INFO NASIONAL - Indonesia kembali menegaskan komitmennya menjaga dan mengelola kekayaan keanekaragaman hayati laut sejalan dengan target nasional maupun global. Indonesia telah menargetkan perlindungan 30 persen wilayah perairan atau sekitar 97,5 juta hektare pada tahun 2045.
Komitmen ini ditegaskan dalam Pertemuan Tingkat Nasional MPA &OECM Ke-2 yang berlangsung di Aston Kuta Hotel &Residence, Bali, pada 14 Agustus 2025, yang dihadiri lebih dari 200 peserta dari pemerintah pusat, daerah, masyarakat adat, akademisi, LSM, dan sektor swasta. Mengusung tema Kebijakan dan Strategi Perluasan Kawasan Konservasi melalui MPA dan OECM Perairan dalam Konteks 30x45, agenda strategis ini membahas pemetaan potensi OECM, penyusunan panduan teknis implementasi, hingga penguatan sinergi lintas pihak, termasuk peran masyarakat pesisir.

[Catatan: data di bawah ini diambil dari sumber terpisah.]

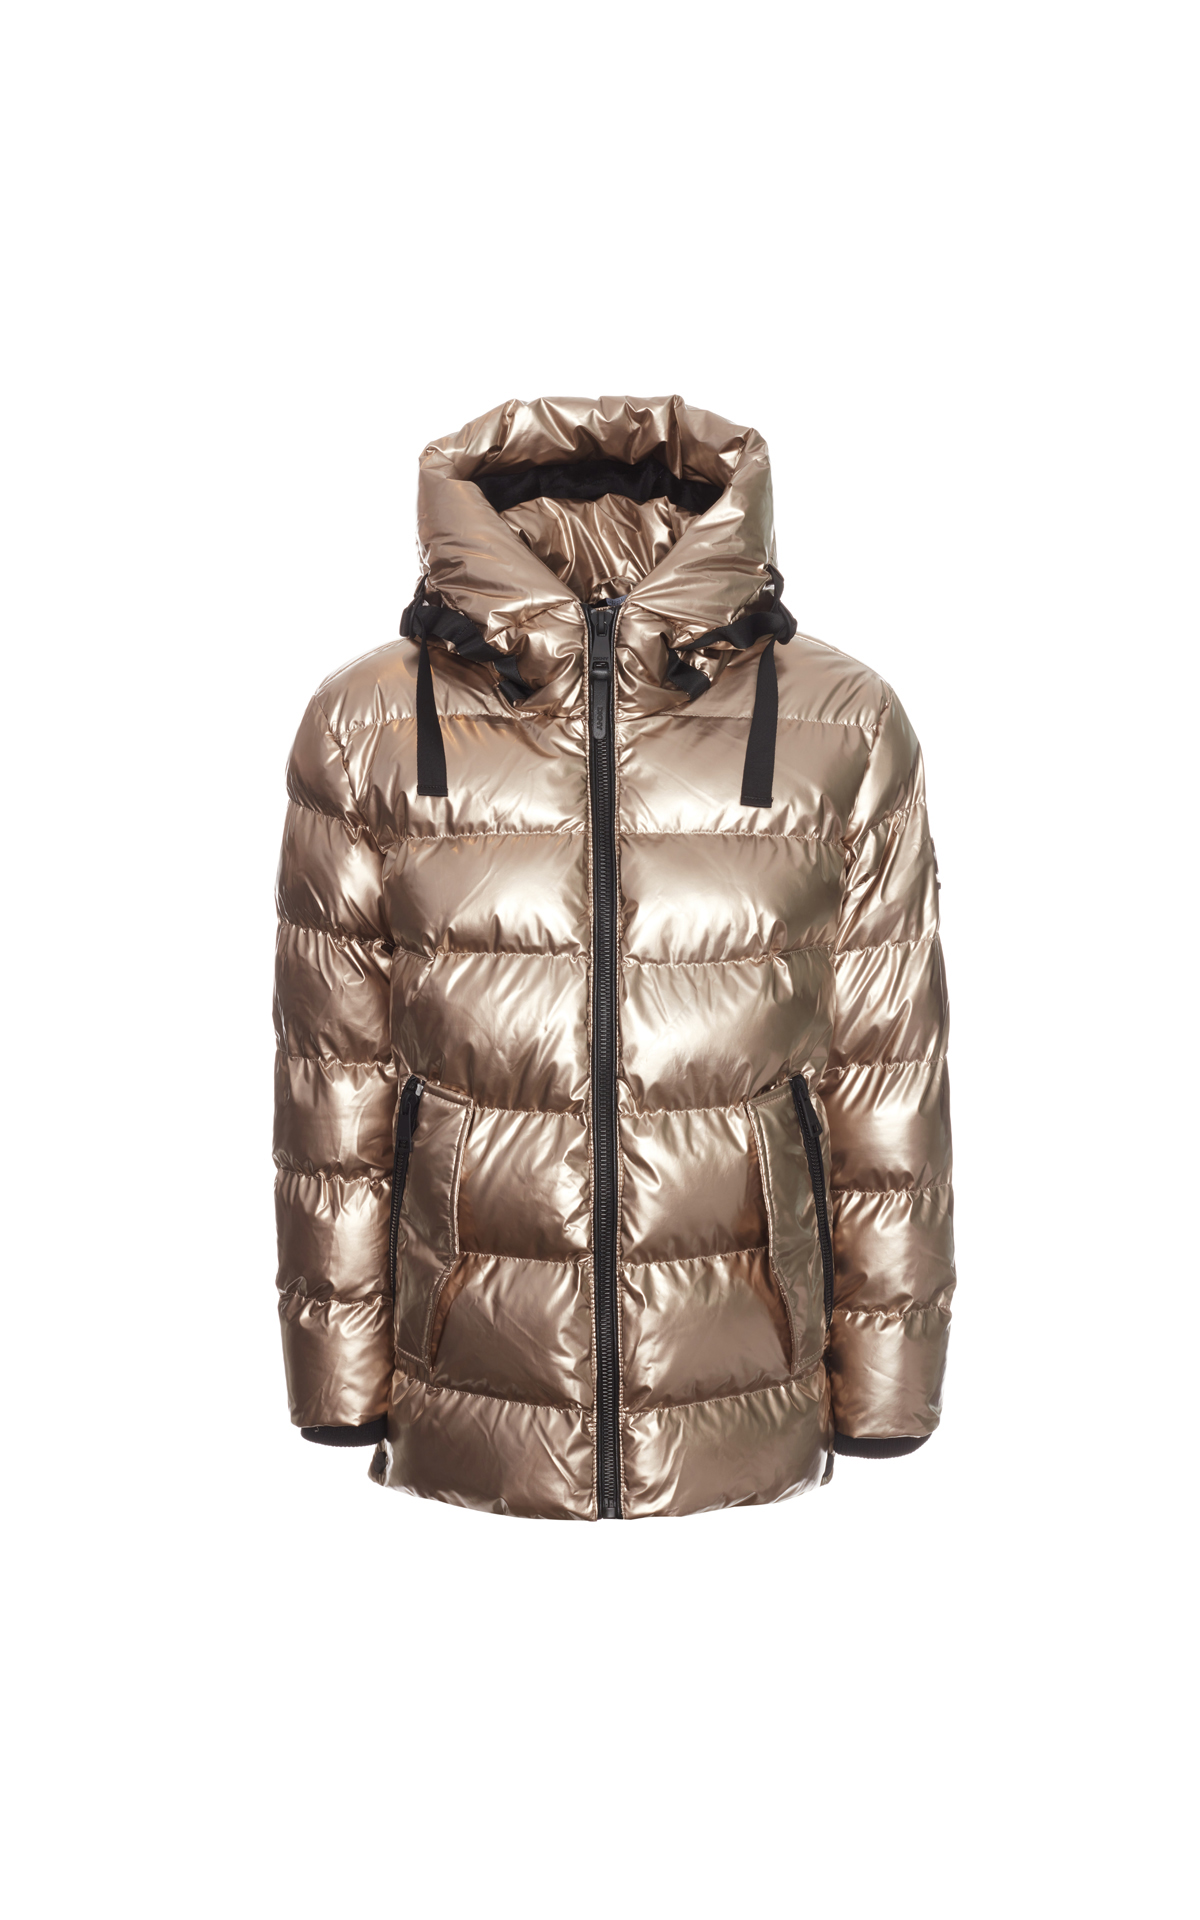 DKNY Gold puffer from Bicester Village

Scroll ke bawah untuk melanjutkan membaca
Lima provinsi yakni Kepulauan Riau, Kalimantan Barat, Bali, Nusa Tenggara Timur, dan Nusa Tenggara Barat, ditetapkan sebagai fokus diskusi strategis pada pertemuan ini. Direktur Konservasi Ekosistem Firdaus Agung menegaskan, ada empat pesan kunci menuju perlindungan laut berkelanjutan.
Pertama, MPA dan OECM adalah dua jalur dengan satu tujuan yakni MPA sebagai tulang punggung perlindungan, sementara OECM memberi ruang bagi masyarakat, adat, dan sektor swasta. Kedua, tata ruang laut yang terintegrasi dan berbasis ekosistem. Ketiga, peran strategis pemerintah provinsi serta kolaborasi lintas sektor.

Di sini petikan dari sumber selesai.